Review: Sexsomnia – Sleepless in Manhattan

tl;dr: some spice but a smidge too skeezy

The Story:

Consent is sexy.

It’s really not possible for non-consensual acts in a romance novel to ever be okay, at least in my eyes. In modern romance novels, the rapist doesn’t get the girl. (As he shouldn’t.) While rape isn’t particularly the problem between the hero and heroine in this book, the lines blurs where informed and enthusiastic consent can be given. And that part of it turned me completely off of this story and I just can’t redeem it.

The description of the book was entirely misleading. I assumed that the reason that Abigail withdrew her application from the administrative assistant position was due to the sexsomnia, but instead the plot is completely focused on how Abigail just thinks that Jayden is a huge jerk. Which, he is. He only becomes less of a jerk when he is jealous of her being within 50 feet of any other man and decides he has to commit to her in order to chill out his caveman self.

The entire book, Jayden treats Abigail like property. In his eyes, she’s only a hot piece that he wants to sexually harass in the office, despite her repeated insistence that she doesn’t want to mix business and pleasure. He ignores her because she acts aroused around him. She continually tells him no, but because she kisses him back, he decides that she actually means yes. Then, the worst part: he uses his money and connections in order to be her anonymous partner in a sleep study. He pretends that he doesn’t know anything about her condition, and then he tries to justify his shitty behavior when he’s found out.

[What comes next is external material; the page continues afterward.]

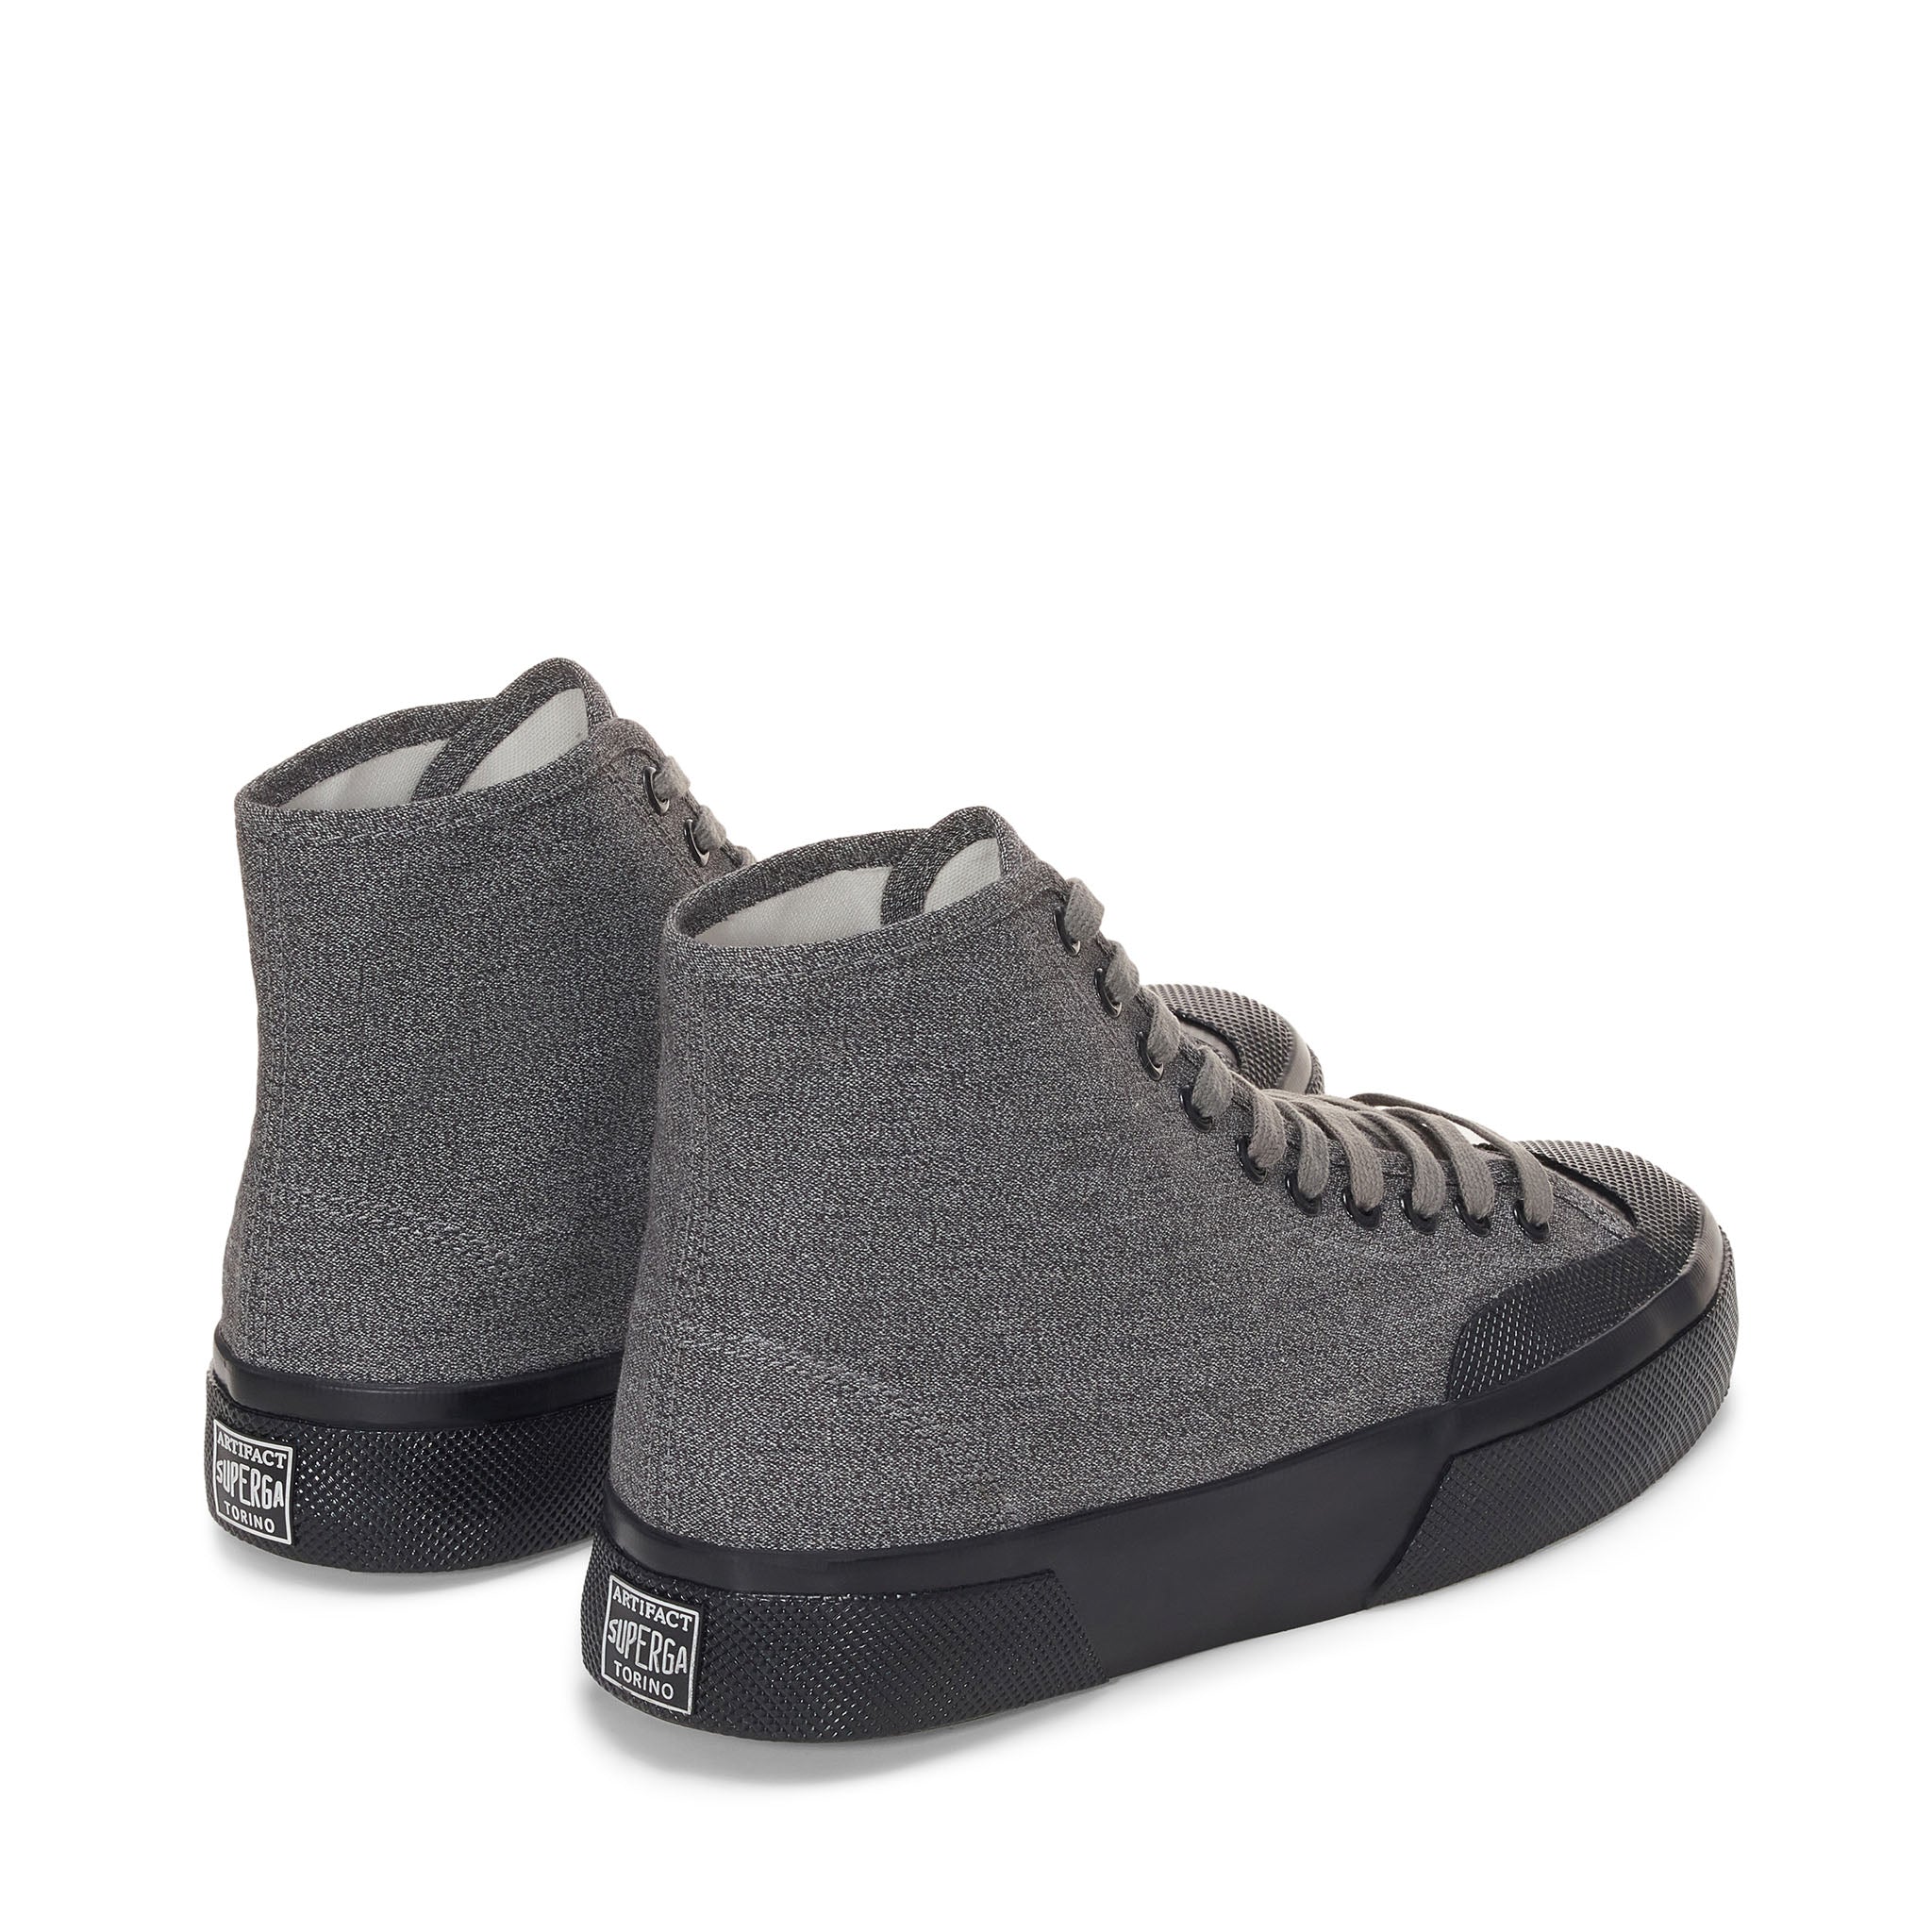 Superga 2433 Salt Pepper Sneakers - Grey Black. Back view

Abigail is rightly devastated, since after some trauma three years before, she has a difficult time trusting men, and he continually ignores her “no” and violates her trust in severely abominable ways. But because he apologizes (and it’s one of those abuser-esque ‘If I didn’t love you so much I wouldn’t have had to lie to you’ non-apologies) and drops the L word on her, she forgives him. Oh and also her sister Alice pushes her into forgiving him because she thinks she’d be dumb to give up on a rich, hot man just because of a “mistake”.

Ya’ll. That was more than a mistake. That was a blatant violation of her person, and I just couldn’t get behind the two of them being together. Jayden never feels like he shouldn’t have treated her like chattel. He mostly feels bad that he got caught.

Technical Elements:

The writing itself was okay, but since it’s a translation from the original German, I’m not sure how to correctly evaluate it. It was mostly fine, but there was a lot of phrasing with exclamation points, enough so that it was distracting. I don’t know how much of it was translated directly or how much was adjusted for the English language. The many, many exclamation points isn’t something we usually see in contemporary romance.

Final Thoughts:

I had high hopes for this book because it sounded interesting, but the rapey qualities of the hero turned me off. I don’t know if I’ll read anything else by this author.


This book appears to not be available in libraries. Keep an eye here for updates, and you can also read for free using Kindle Unlimited.

If you happen to like heroes that get rapey, you can check out Kiss an Angel by Susan Elizabeth Phillips.